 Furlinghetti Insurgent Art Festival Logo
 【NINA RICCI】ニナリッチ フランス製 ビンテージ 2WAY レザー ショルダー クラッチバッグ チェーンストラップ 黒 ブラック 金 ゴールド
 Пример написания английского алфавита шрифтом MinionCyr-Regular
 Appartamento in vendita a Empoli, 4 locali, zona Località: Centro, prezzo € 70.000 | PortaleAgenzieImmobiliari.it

## What to do
Write down every line of the data exactly as it appears above.

## Task solution
 Furlinghetti Insurgent Art Festival Logo
 【NINA RICCI】ニナリッチ フランス製 ビンテージ 2WAY レザー ショルダー クラッチバッグ チェーンストラップ 黒 ブラック 金 ゴールド
 Пример написания английского алфавита шрифтом MinionCyr-Regular
 Appartamento in vendita a Empoli, 4 locali, zona Località: Centro, prezzo € 70.000 | PortaleAgenzieImmobiliari.it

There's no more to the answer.